По приезде бабушка допытывала Пашу, уж не зазнобушка ли у неё на сердце, что красавица измаялась. Но Паша молчит, только иной раз расплачется и уйдёт под образа, пригорюнится и думу думает.

Вот сидят они однажды вдвоём, и бабушка болтает без умолку о разных разностях, чтобы рассеять Пашу; и чего-чего нет у неё: и о самозванце, и о колдунах, и о ведьмах, и об оборотнях, и невольно увлекается Паша этими сказками и начинает вслушиваться в болтовню бабушки.

   — И Гришка, — бормочет старушка, — поженился на проклятой на литвинке, на еретнице, безбожнице; сыграна была свадьба в Николин день в пятницу; когда Гришка пошёл в баню с женой — бояре пошли к заутрени. После бани Гришка вышел на красное крыльцо и закричал: «Гой еси ключники мои, приспешники! Приспевайте кушанье разное, и постное и скоромное; завтра будет ко мне гость дорогой, Юрья пан с паньею!». А в те поры стрельцы догадалися, за то-то слово спохватилися. Стрельцы бросились к царице-матери, та отреклася от лже-Димитрия, и рать христианская взбунтовалася. Маринка-безбожница сорокою обернулася, из палат вон она вылетела, а Гришка-засстрига в те поры догадлив был, с чердаков да на копья острые к тем стрельцам — удалым молодцам, и тут ему такова смерть и случилася...

Но, видя, что это не берёт и кручину девичью не разгоняет, старушка продолжала шамкать:

   — И пса слушают, и кошки мявкают, аль гусь гогочет, аль утица крякнет, и петел поёт, и курица поёт — худо будет; конь ржёт, вол ревёт, и мышь нарты грызёт, и хорь нарты портит, и тараканов много — богату быти и сверьщиков такожде; кости болят и подколенки скорбят — путь будет; и длани свербят — пенязи имать; очи свербят — плакати будешь...

   — У меня день-деньской, бабушка, очи свербят. Ах! не дождусь, — невольно проговорилась Паша.

   — Дождёшься, дождёшься, кот Васька моется, да, слышишь, и конь ржёт... Чуют гостей...

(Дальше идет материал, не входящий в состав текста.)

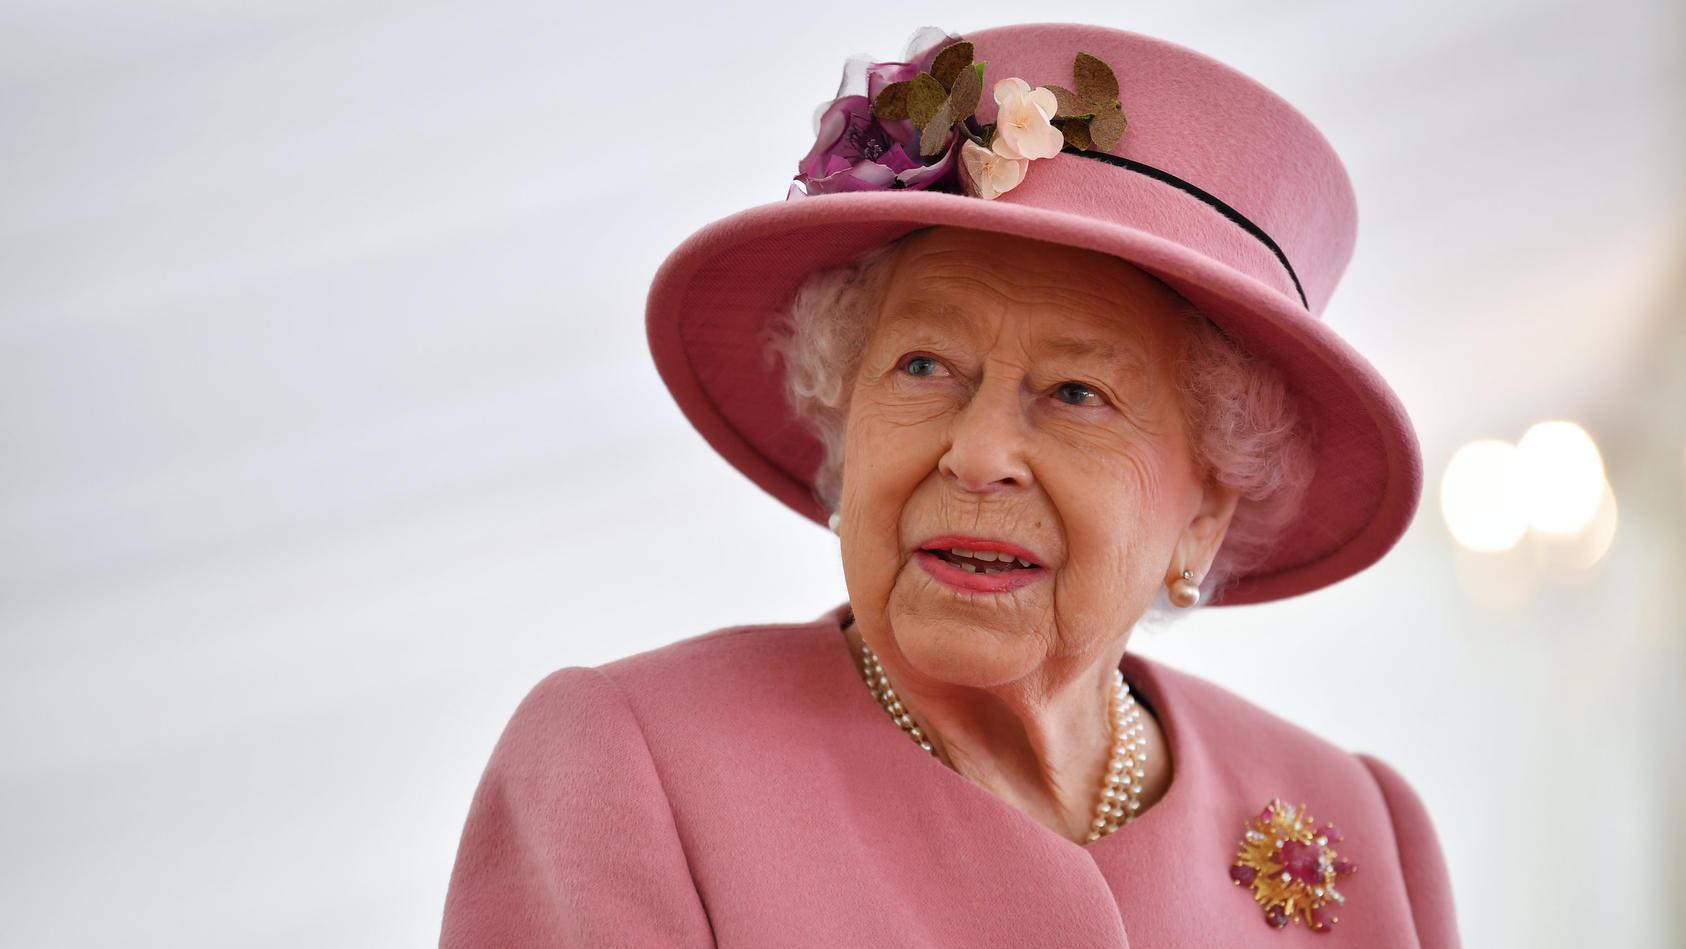 Erster öffentlicher Auftritt der Queen seit Beginn der Pandemie

В это время петух пропел; старушка набожно перекрестилась и стала шептать:

   — Когда же двинут ангелы Господни одежду и венец от престола Господня, тогда пробуждается петел, поднимает глас свой и плещет крылами своими...

   — Бабушка, бабушка, поворожи... погадай... уж больно соскучилась...

Старуха ушла в сени, принесли оттуда ведро с водой, прошептала над ним какую-то молитву и, осветив воду лучиной, сказала:

   — Гляди, Паша, теперь в воду: что увидишь, то и сбудется.

   — Вижу его на коне, он скачет! — воскликнула Паша.

   — Видишь, суженого и конём не объедешь, — торжество вала старушка.

В это время послышался топот копыт, у Паши замерло сердце, она бросилась из избы на двор: это приехал из Нижнего Никита Минич.

Увидя на нём одежду послушника, Паша остановилась и побледнела.

Привязав лошадь к крыльцу, Никита Минич подошёл к ней, обнял её и поцеловал несколько раз.

   — Видишь, ни к отцу, ни к матери, а к тебе заехал я... Отец Василий дома?

   — Сейчас будет, он на крестинах. Зайди, Ника... что я!.. Никита Минич...

   — Называй меня Никой, так называла меня и покойная мать... Но как ты похудела?..

   — Тосковала по тебе, противный, а ты, чай, нагляделся на красавиц и в церкви, и на ярманке?

   — Молился Богу, — серьёзно возразил Никита Минич, — да о тебе, грешный, думал... Думал, думал и вот приехал... Где батюшка, пущай решает судьбу нашу...

В это время показался и батюшка, ему кто-то сообщил о приезде гостя.

Отец Василий, увидя Никиту Минича, бросился к нему на шею и не знал на радостях, что говорить.

Он ввёл его в избу, посадил в углу под образа, любовался им и только приговаривал:

   — Ну, спасибо... не ожидал... потешил старика... Паша... тётушка... что в печи, на стол мечи... чай, голоден... на коне приехал... где взял...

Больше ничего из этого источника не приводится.